Older women are significantly more likely to experience hip fractures than men, primarily due to their higher rates of osteoporosis [3,33]. One key factor is the sharp decline in estrogen levels after menopause [34,35]. Estrogen plays a critical role in maintaining bone density, and its reduction accelerates bone loss, which leads to a greater risk of developing osteoporosis. Additionally, women generally achieve a lower peak bone mass compared to men [36], meaning they begin with lower bone density, making the effects of post-menopausal bone loss more severe. Moreover, women have a higher proportion of trabecular (spongy) bone [37,38], which is more metabolically active and more prone to rapid turnover and bone loss compared to cortical (dense) bone, which is found in higher proportions in men.
  • Bone Health and Medical Conditions
Bone health and medical conditions significantly influence hip fracture risk, as both directly affect the strength, structure, and functionality of bones, along with overall physical stability and susceptibility to falls [39]. Several bone diseases can weaken bone strength, thereby increasing the risk of hip fractures [40,41]. Among these, osteoporosis is the most prevalent in the elderly, significantly weakening bones, particularly the cortical bone, which is critical for supporting body weight [26,33]. Osteoporosis causes an imbalance in bone remodeling, where bone resorption exceeds bone formation, leading to decreased bone density.
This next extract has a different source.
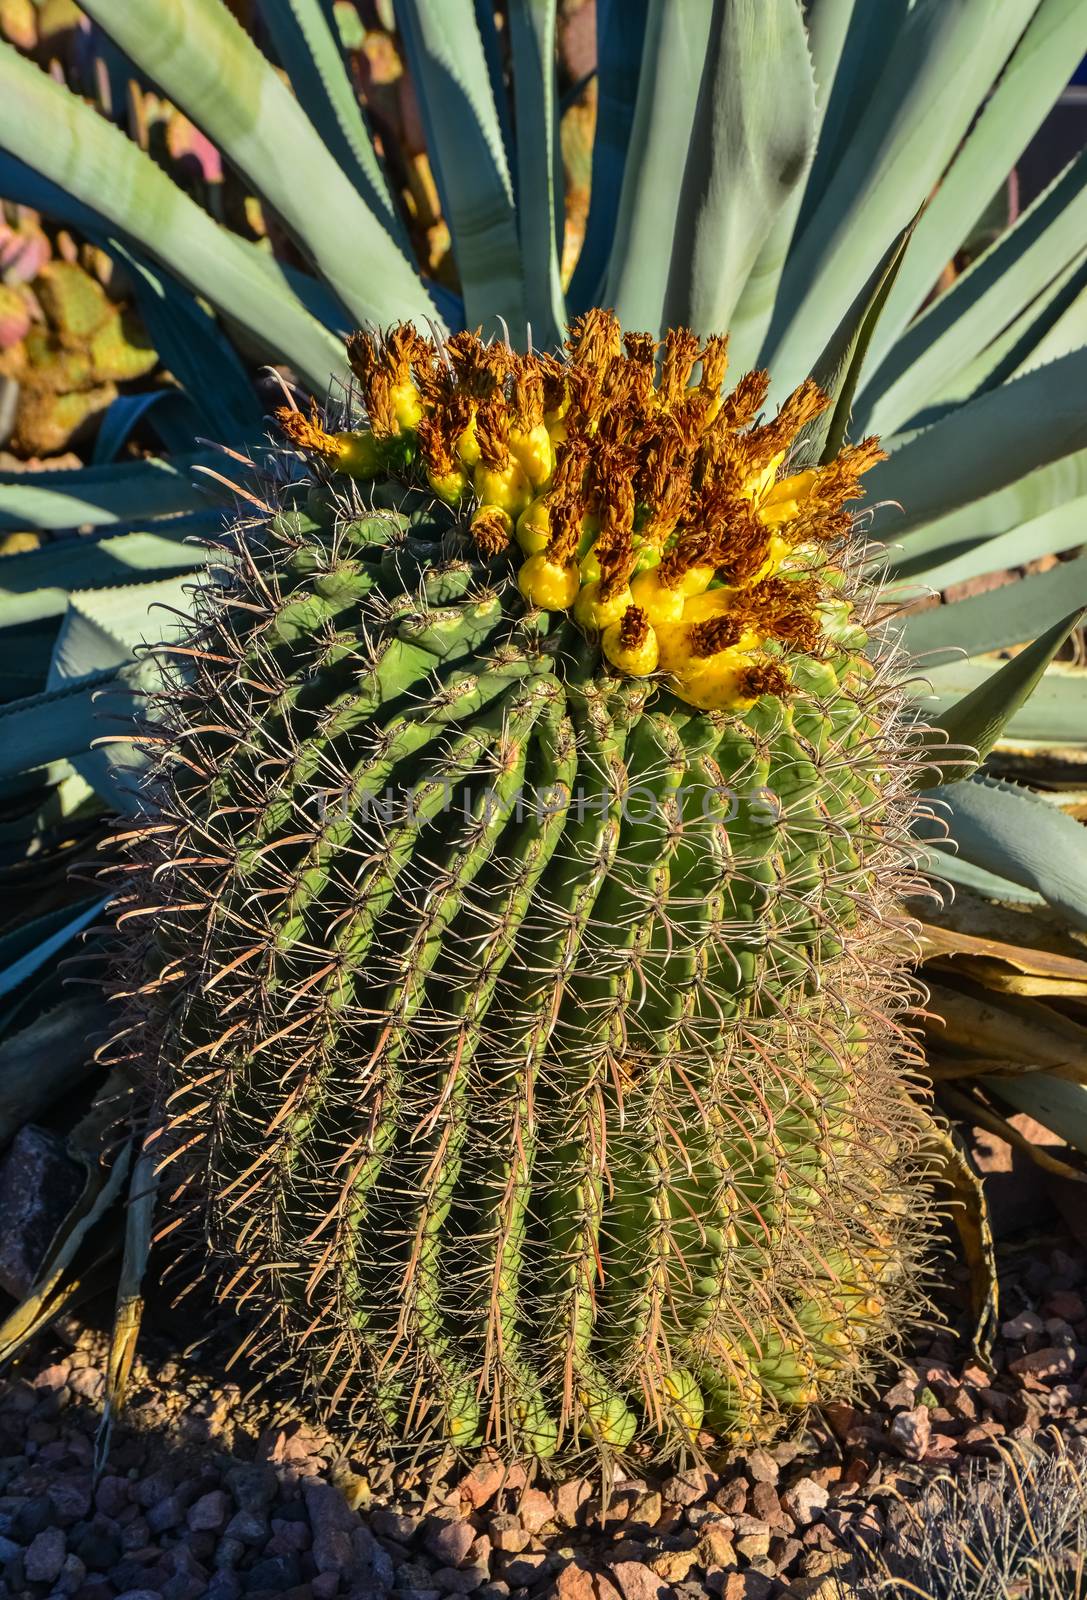 Yellow fruits with seeds on top of a large cactus Ferocactus. Ar by Hydrobiolog

This process is driven by various factors, including aging, hormonal changes, genetics, nutritional deficiencies, and lifestyle factors. Osteomalacia is a condition in which bones become soft due to impaired bone mineralization, typically caused by a deficiency in vitamin D or phosphate [42,43]. This softening weakens the bones, making them more susceptible to fractures, including hip fractures. Similarly, Paget’s disease disrupts the normal bone remodeling process, leading to abnormal, enlarged, and weakened bones [44,45]. The rapid and disorganized turnover in Paget’s disease results in structurally compromised bones that are more prone to fractures. Hyperparathyroidism, characterized by excessive production of parathyroid hormone (PTH), leads to elevated calcium levels in the blood and increased bone resorption [46]. This excessive breakdown of bone tissue reduces bone density and weakens bones. Osteogenesis imperfecta (OI), commonly referred to as “brittle bone disease”, is a genetic disorder affecting collagen production [47,48]. This results in brittle bones that fracture easily, even with minimal trauma. Rheumatoid arthritis, an autoimmune disease, causes chronic inflammation in the joints and promotes bone erosion over time [49]. The disease also stimulates the production of cytokines [50], which accelerate bone resorption, further weakening the bone structure and increasing the likelihood of fractures.
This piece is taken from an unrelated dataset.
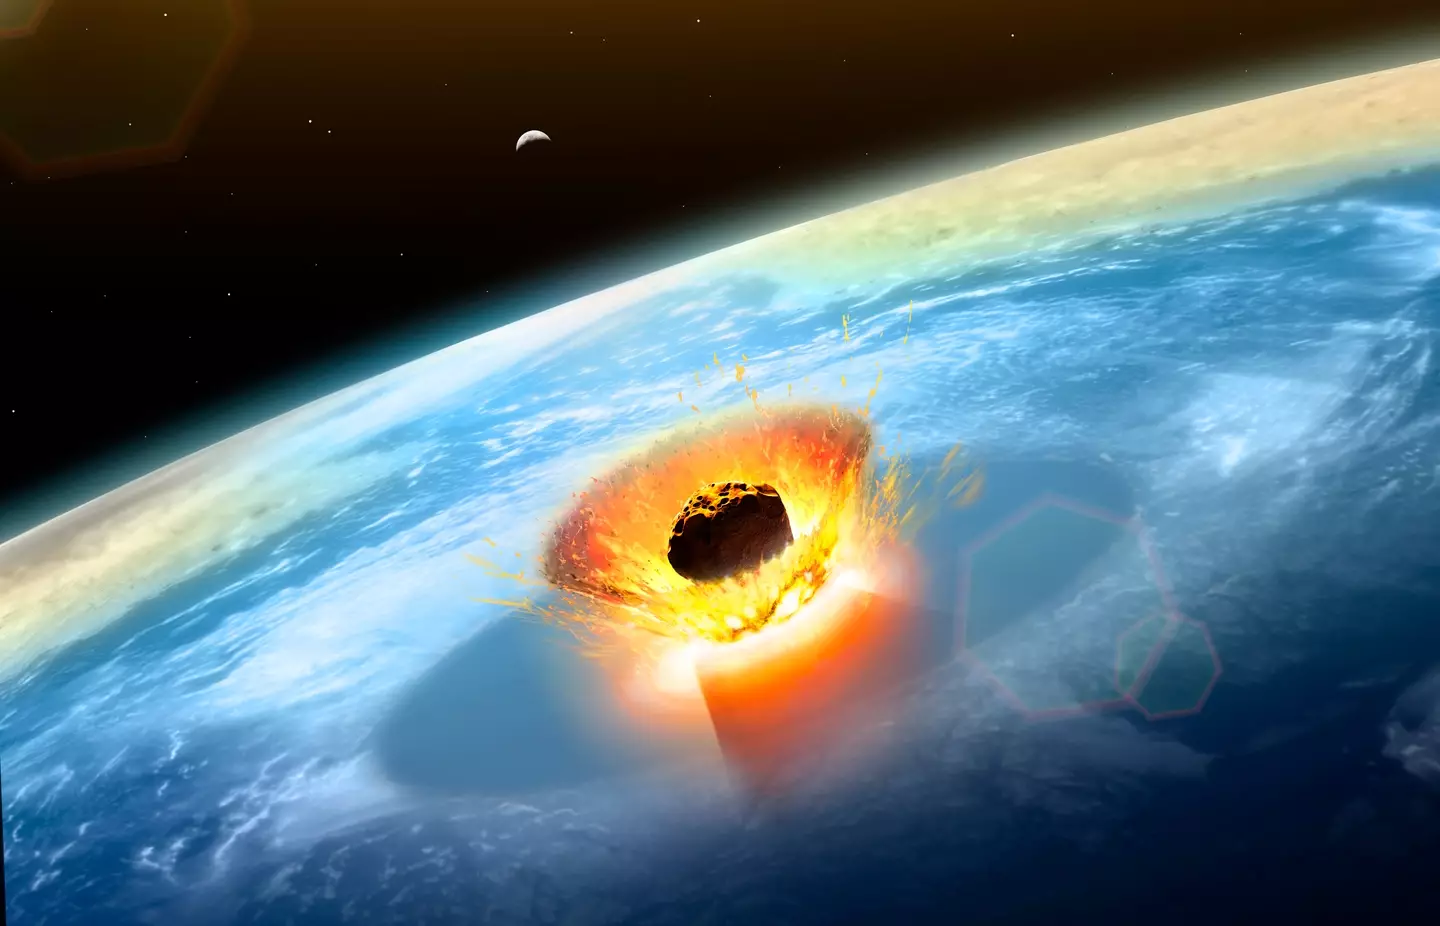 The Earth has seen major asteroid impacts in the past.

In addition to bone diseases, other medical conditions can significantly influence hip fracture risk, as the human body functions as an interconnected system. For example, in individuals with chronic kidney disease (CKD), imbalances in calcium, phosphate, and vitamin D metabolism lead to abnormal bone mineralization and turnover [51,52], ultimately weakening bones. In people with diabetes, particularly type 2, bone mineral density (BMD) is often normal or higher, but bone quality is compromised [53,54]. This paradox occurs because high blood sugar (hyperglycemia) and insulin resistance disrupt osteoblast function and increase the accumulation of advanced glycation end-products (AGEs) in bone collagen, making bones more brittle and prone to fractures [53]. Similarly, cardiovascular diseases (CVD), such as atherosclerosis and heart failure, negatively impact bone health by reducing blood flow to bones, impairing their ability to regenerate and remodel. Poor circulation in these conditions can lead to weakened bones and a higher risk of fractures [55,56].
Several medications have been shown to influence hip fracture risk, particularly through their effects on bone health and body balance. Long-term use of corticosteroids is strongly linked to reduced bone mineral density and an elevated risk of fractures, as these medications increase bone resorption and decrease bone formation [57,58]. Antidepressants, especially tricyclic antidepressants and selective serotonin reuptake inhibitors (SSRIs), have been associated with a higher fracture risk [59,60], possibly due to their effects on balance, coordination, and fall risk, as well as their potential impact on bone metabolism. Additionally, anticonvulsants and certain proton pump inhibitors (PPIs) used for acid reflux have also been linked to decreased bone density and increased fracture risk when used long term [61,62].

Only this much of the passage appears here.